── Data provided

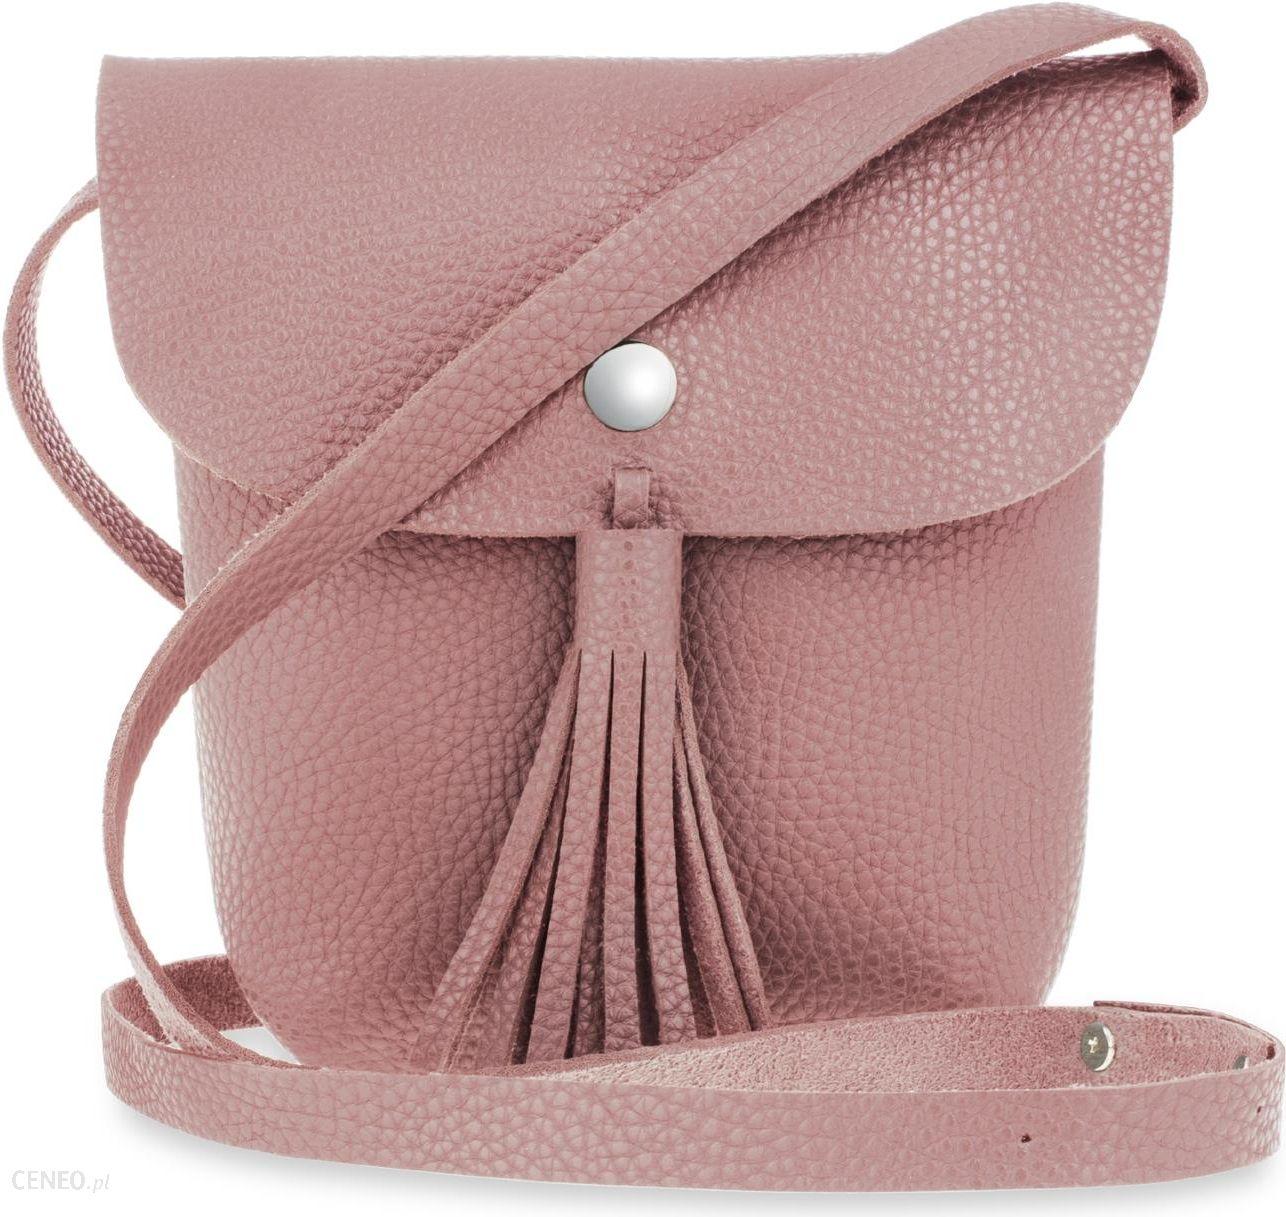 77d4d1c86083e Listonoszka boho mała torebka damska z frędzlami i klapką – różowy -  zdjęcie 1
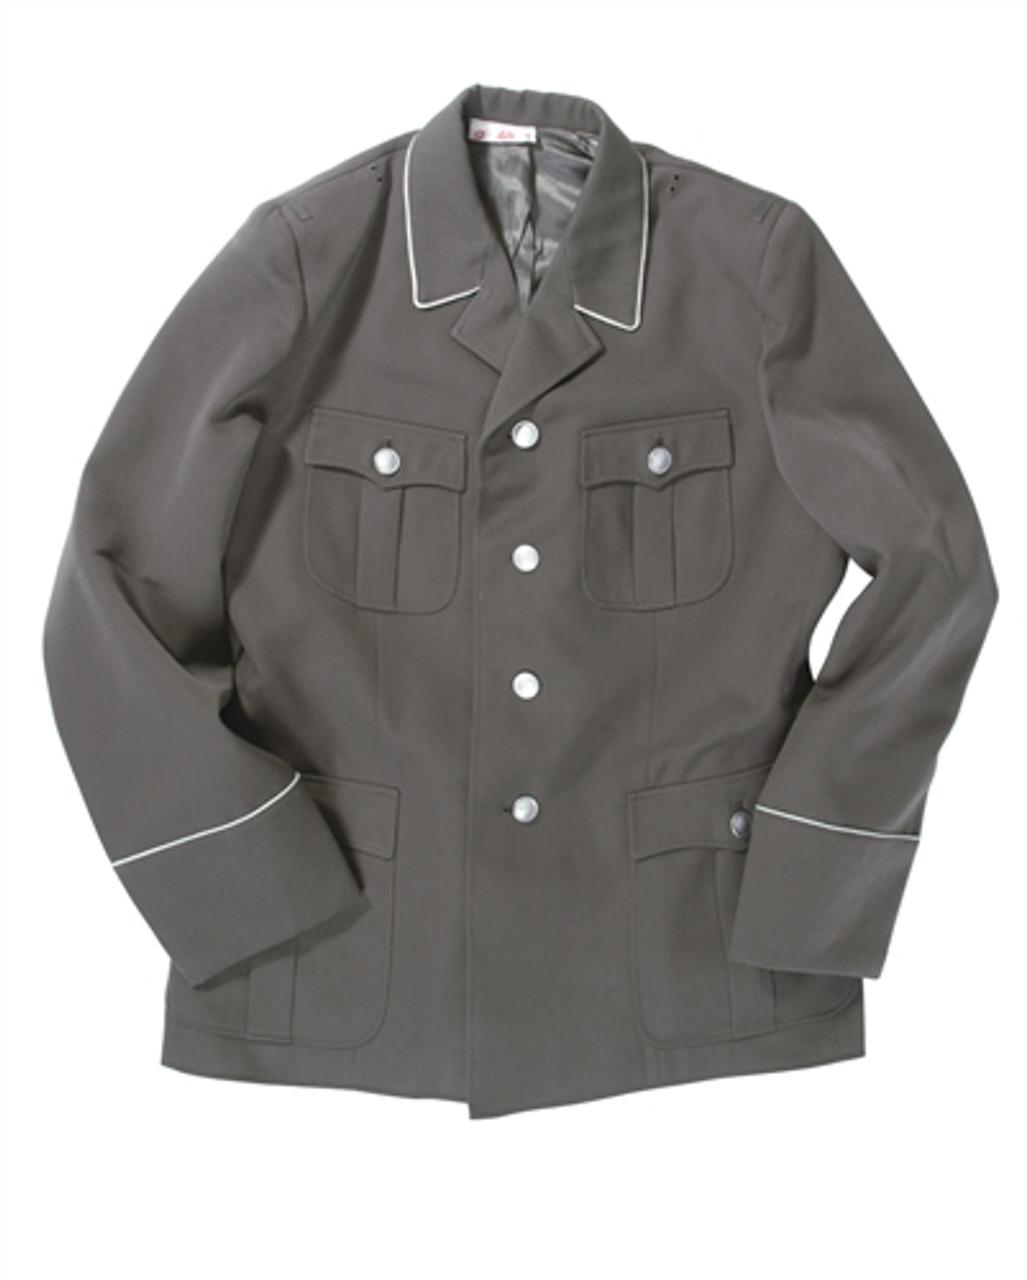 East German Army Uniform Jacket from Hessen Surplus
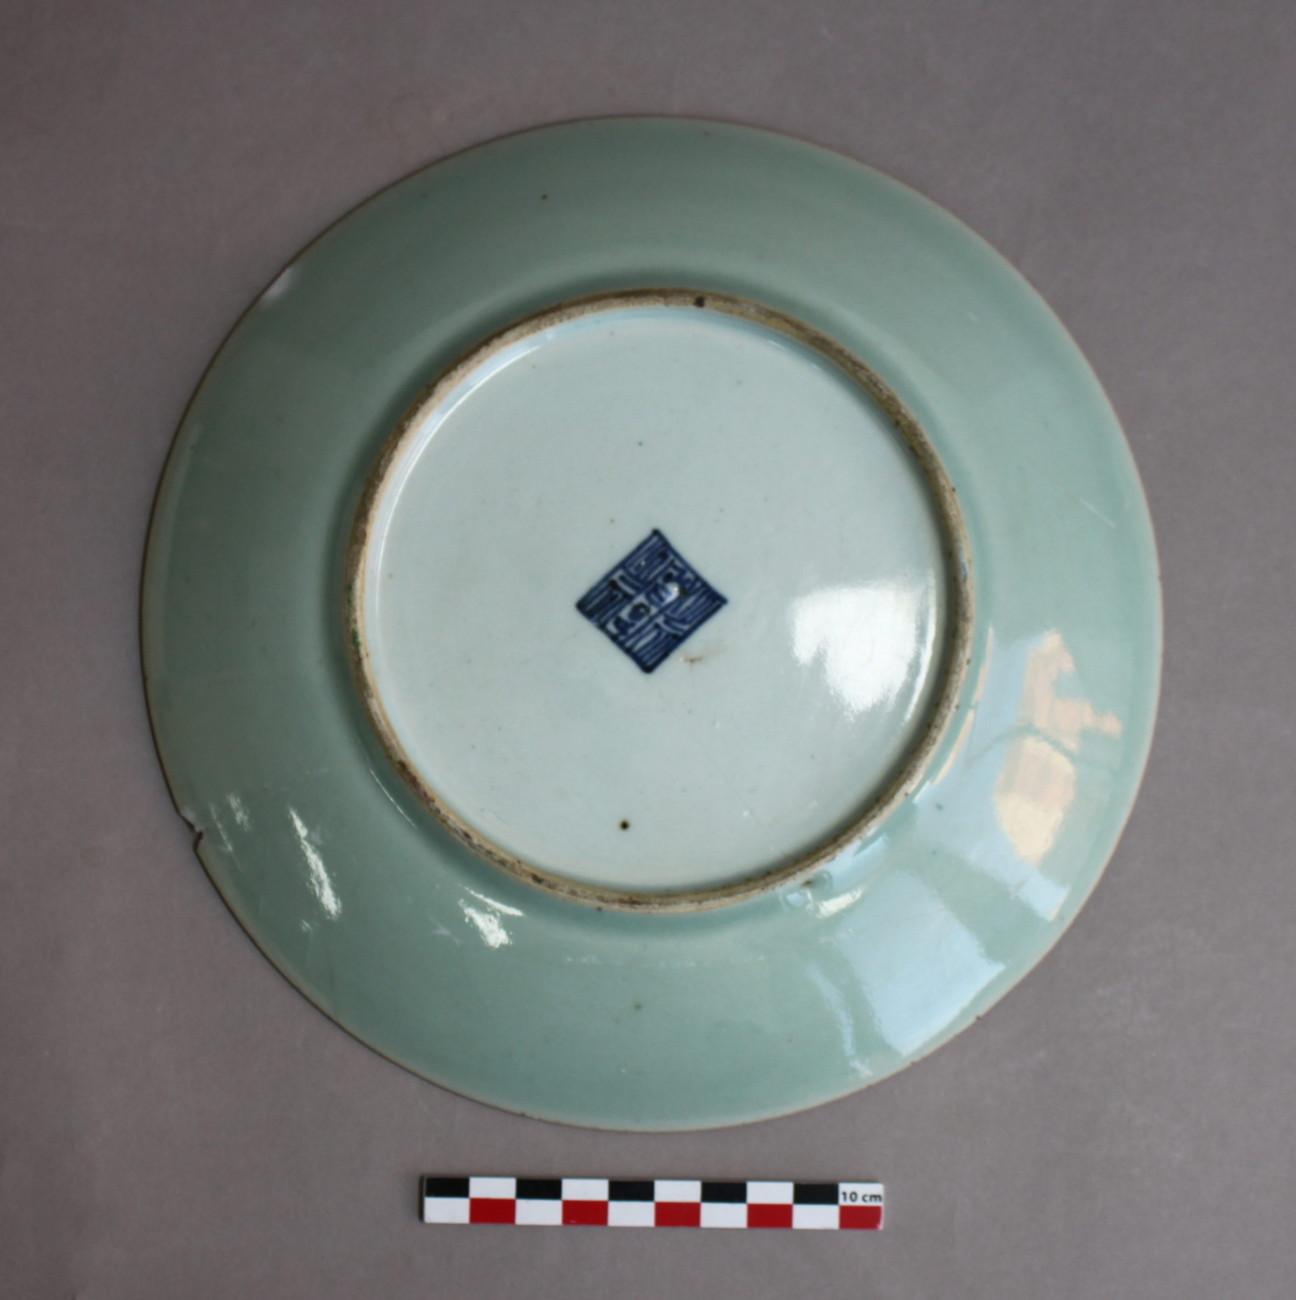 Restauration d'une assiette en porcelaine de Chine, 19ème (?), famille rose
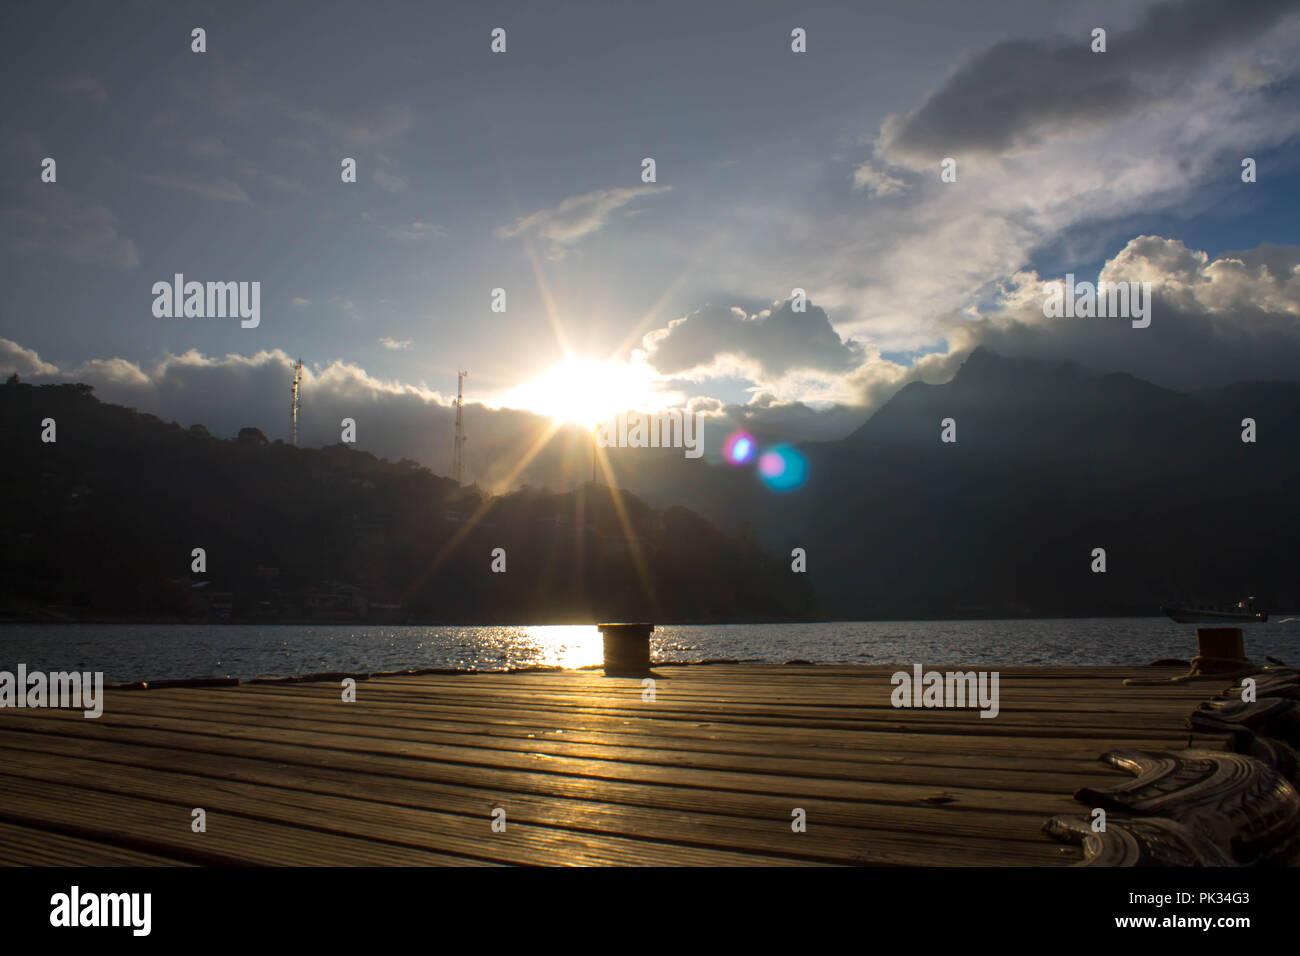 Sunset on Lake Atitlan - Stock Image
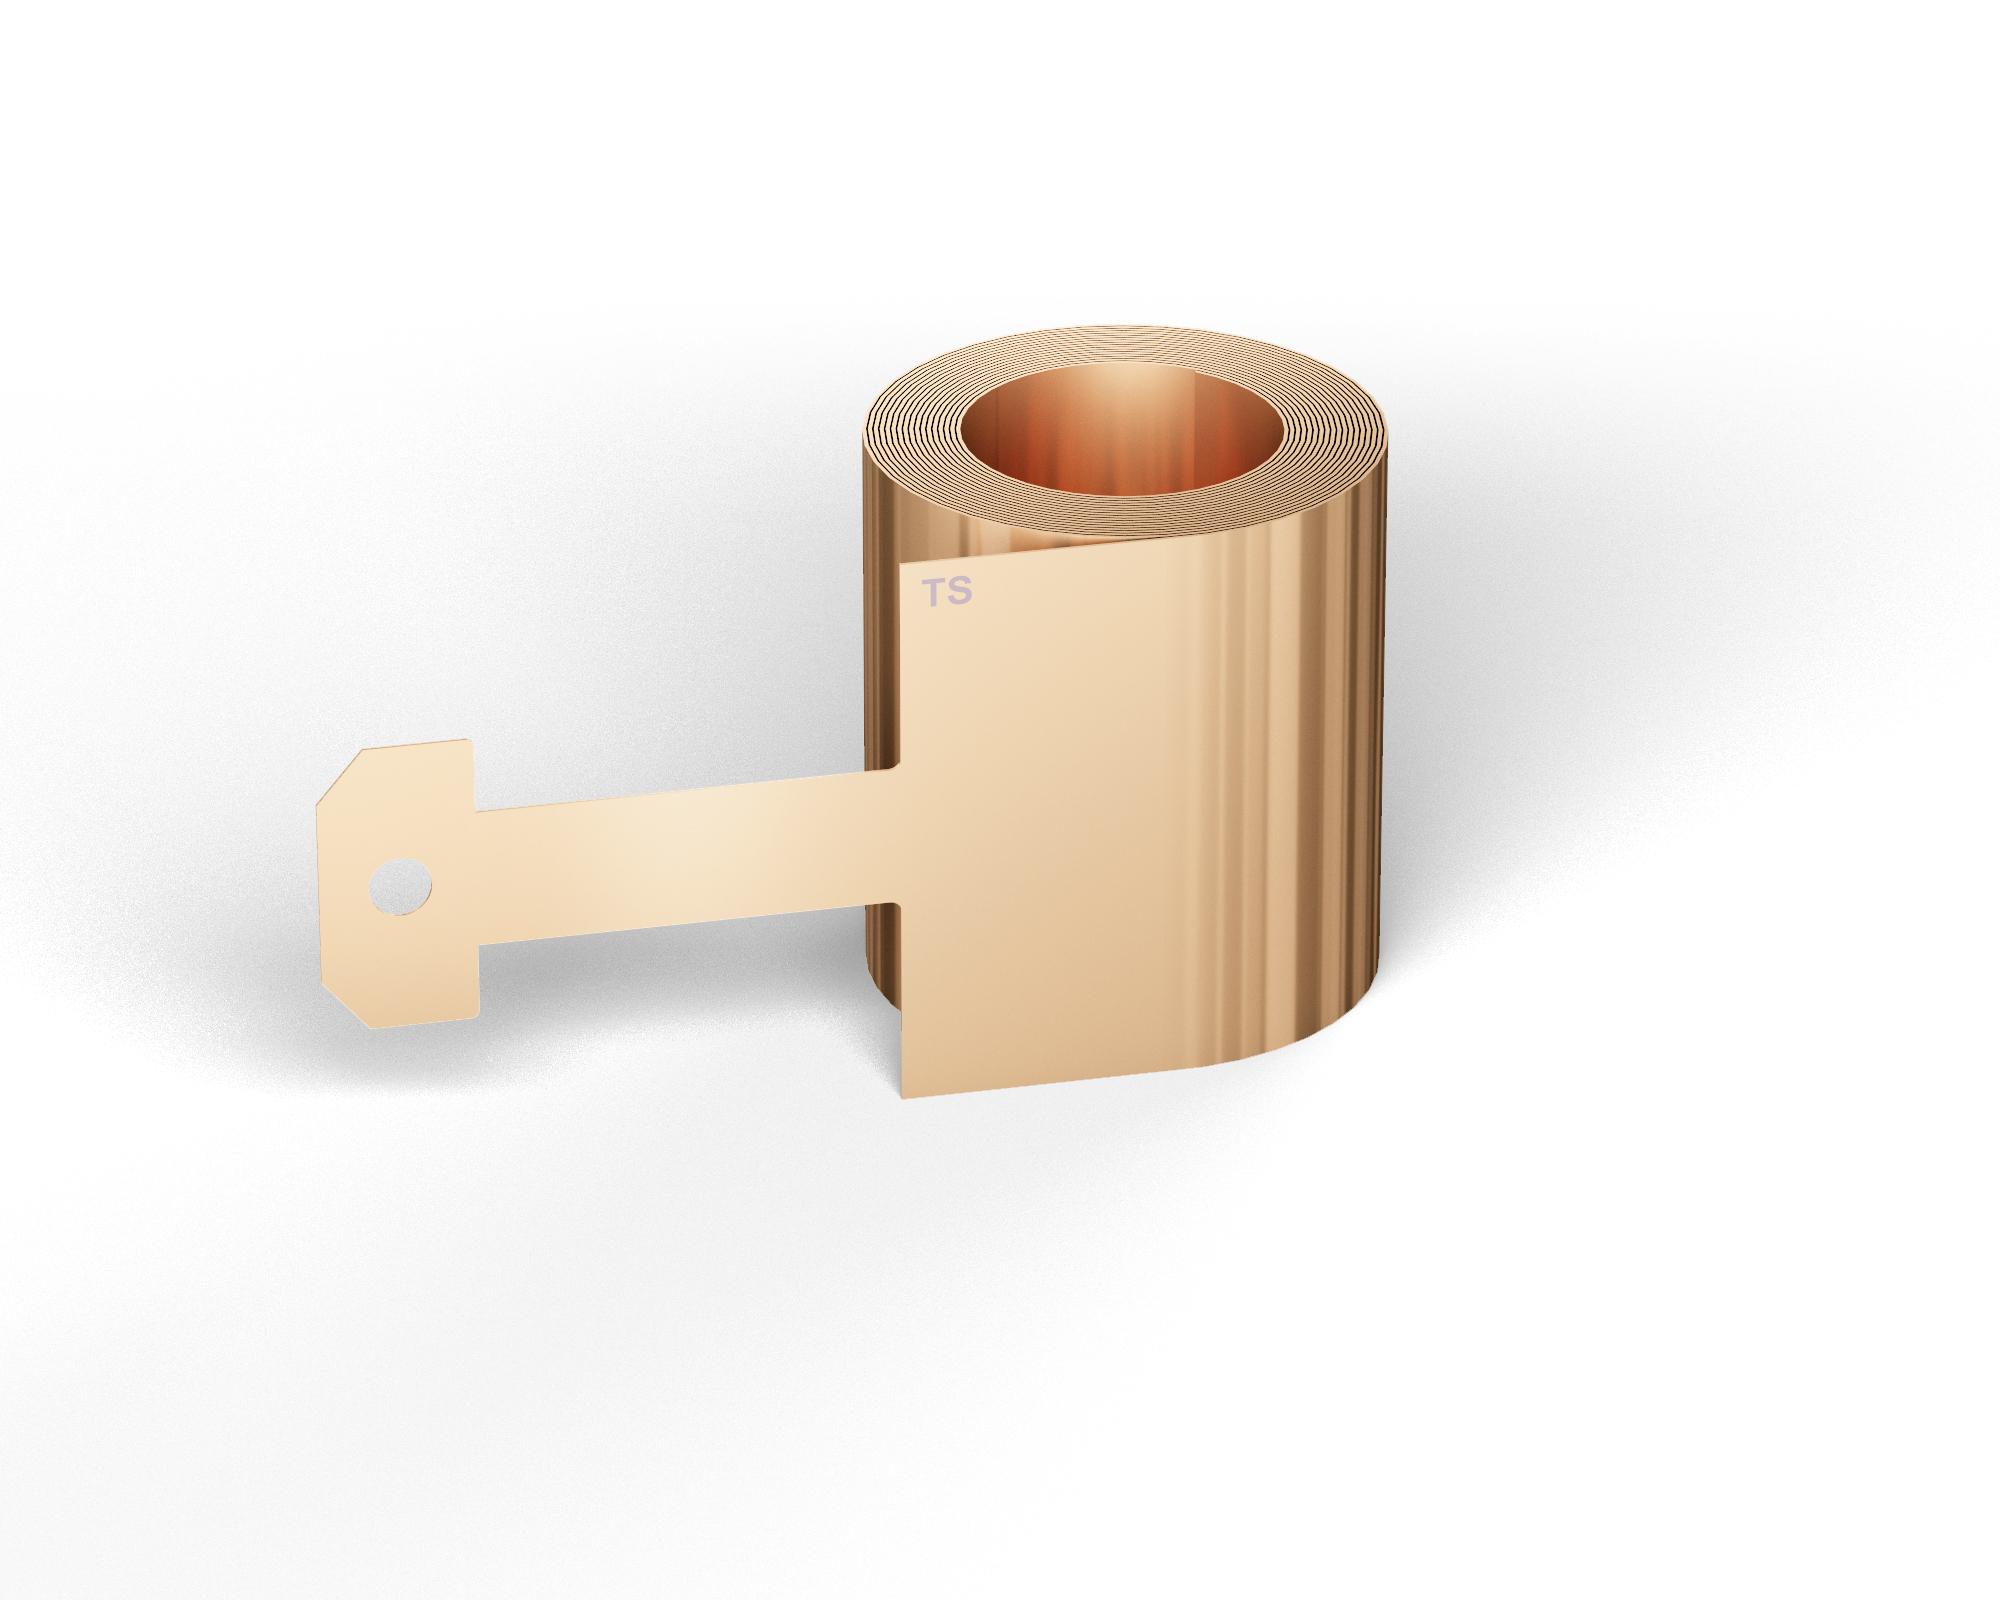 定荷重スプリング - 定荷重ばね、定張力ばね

────

Activity –
Please give back every line above exactly as it stands, without pictures.

Solution below –
 77d4d1c86083e Listonoszka boho mała torebka damska z frędzlami i klapką – różowy -  zdjęcie 1
 East German Army Uniform Jacket from Hessen Surplus
 Restauration d'une assiette en porcelaine de Chine, 19ème (?), famille rose
 Sunset on Lake Atitlan - Stock Image
 定荷重スプリング - 定荷重ばね、定張力ばね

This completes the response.